Among the two strategies; one is group-local feature strategy, where weights are allocated to the group of features in a cluster. Other is local feature weighting strategy, in this weight is allocated to each feature in the group of feature. Both these methods are used to improve clustering accuracy. An algorithm based on automatic weighting of clusters reduced the sensitivity of the segmentation method and obtained improved result by using cluster initialization and group feature weighting method38.

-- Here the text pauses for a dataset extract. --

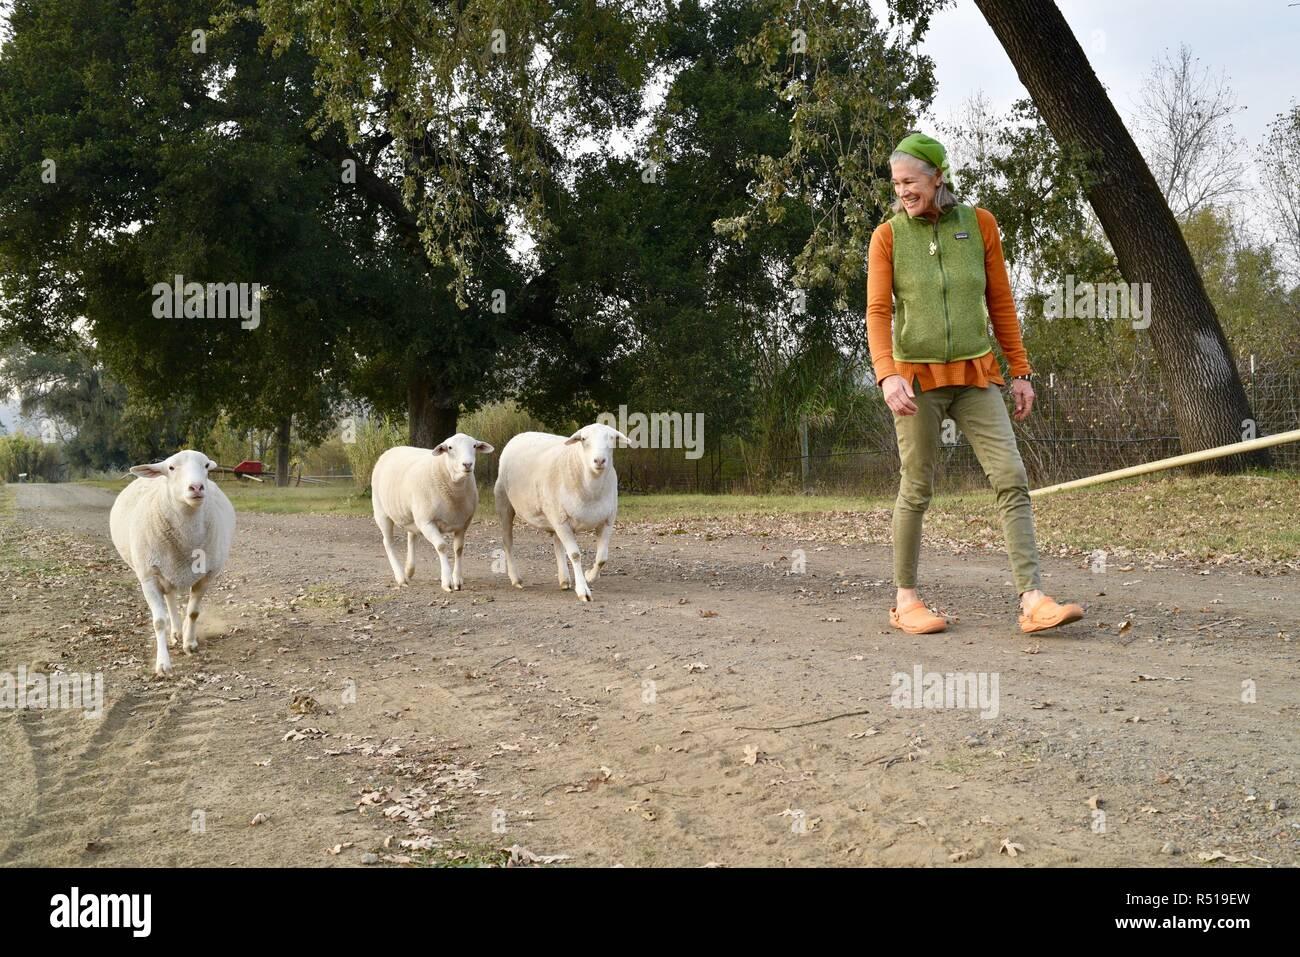 Female farmer walking with three sheep, Mimi is co-owner of organic Front Porch Farm, Healdsburg, California, USA. Stock Photo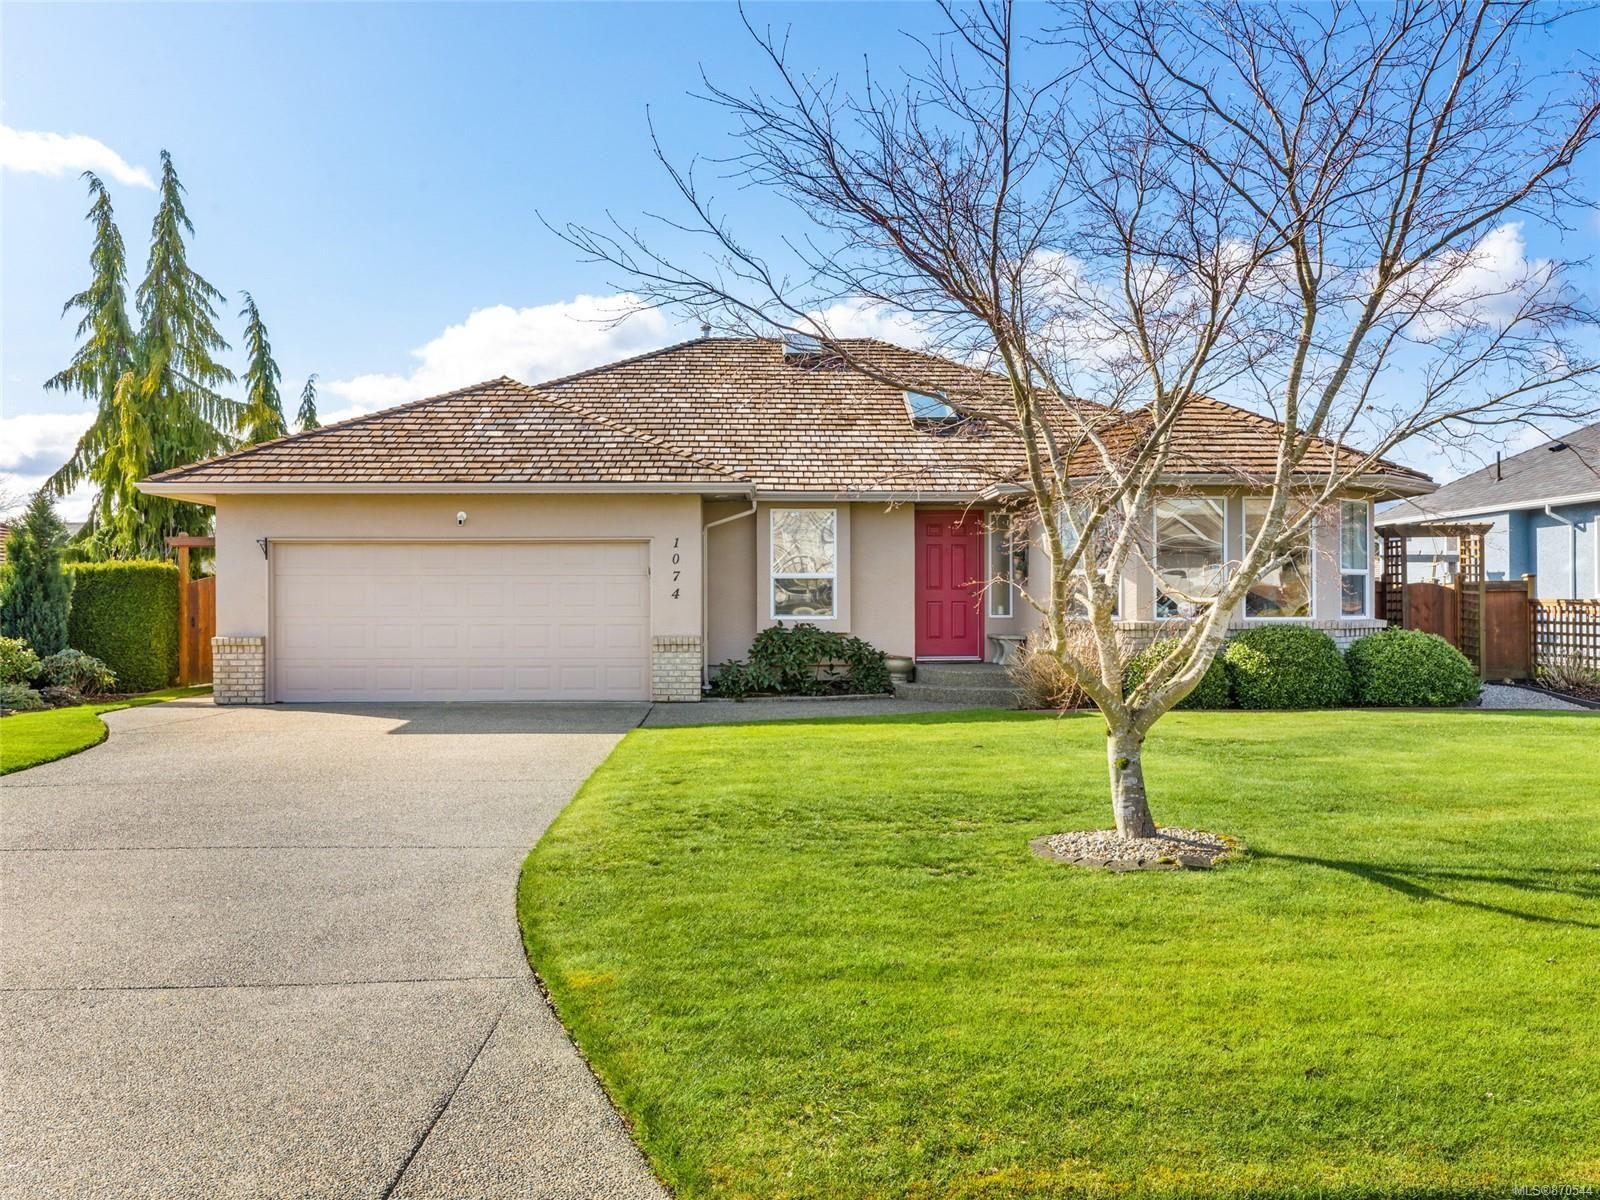 Main Photo: 1074 Sunrise Dr in : PQ Qualicum Beach House for sale (Parksville/Qualicum)  : MLS®# 870544

In image segmentation, the different group of features can have different importance; so the advantage of group feature weighting is more obvious than local weighting which assigns one weight to all the features37. Within a group also, different features might be less or more important than the other. So assigning same weights to all the components will reduce the quality of segmented image. So, we use features and sub-features with more varying degree of importance in image clusters. The improved weighting of clusters is directly related to better segmentation performance. Further; to control the sensitivity to initial clusters, an effective cluster weighting technique is incorporated. The relative importance of features and sub-features is considered while selecting the weight of image clusters38.
Optimization
The clustering method is used in combination with the Imperialist Competitive Algorithm (ICA) for optimization of feature weighing step44. It finds optimized values of the weight coefficients in the segmentation method. Imperialist competitive algorithm (ICA) is a classic evolutionary optimization technique which incorporates the general political and social behaviour of imperialist countries in an attempt to dominate weaker countries44. In past few years, various algorithms based on ICA and its improved versions have been proposed; which have successful solved several practical optimization methods. Another advantage of ICA is its higher convergence rate as compared to other evolutionary optimization algorithms; delivering significant results in less time45. The Optimization procedure involving integration of ICA with FCM clustering can be described in following steps:
Initial Population and Weight Coefficient Ranges
Population Initialization: Generate a random initial population of solutions, where each country represents a weight vector [v1,v2,v3] for three feature groups.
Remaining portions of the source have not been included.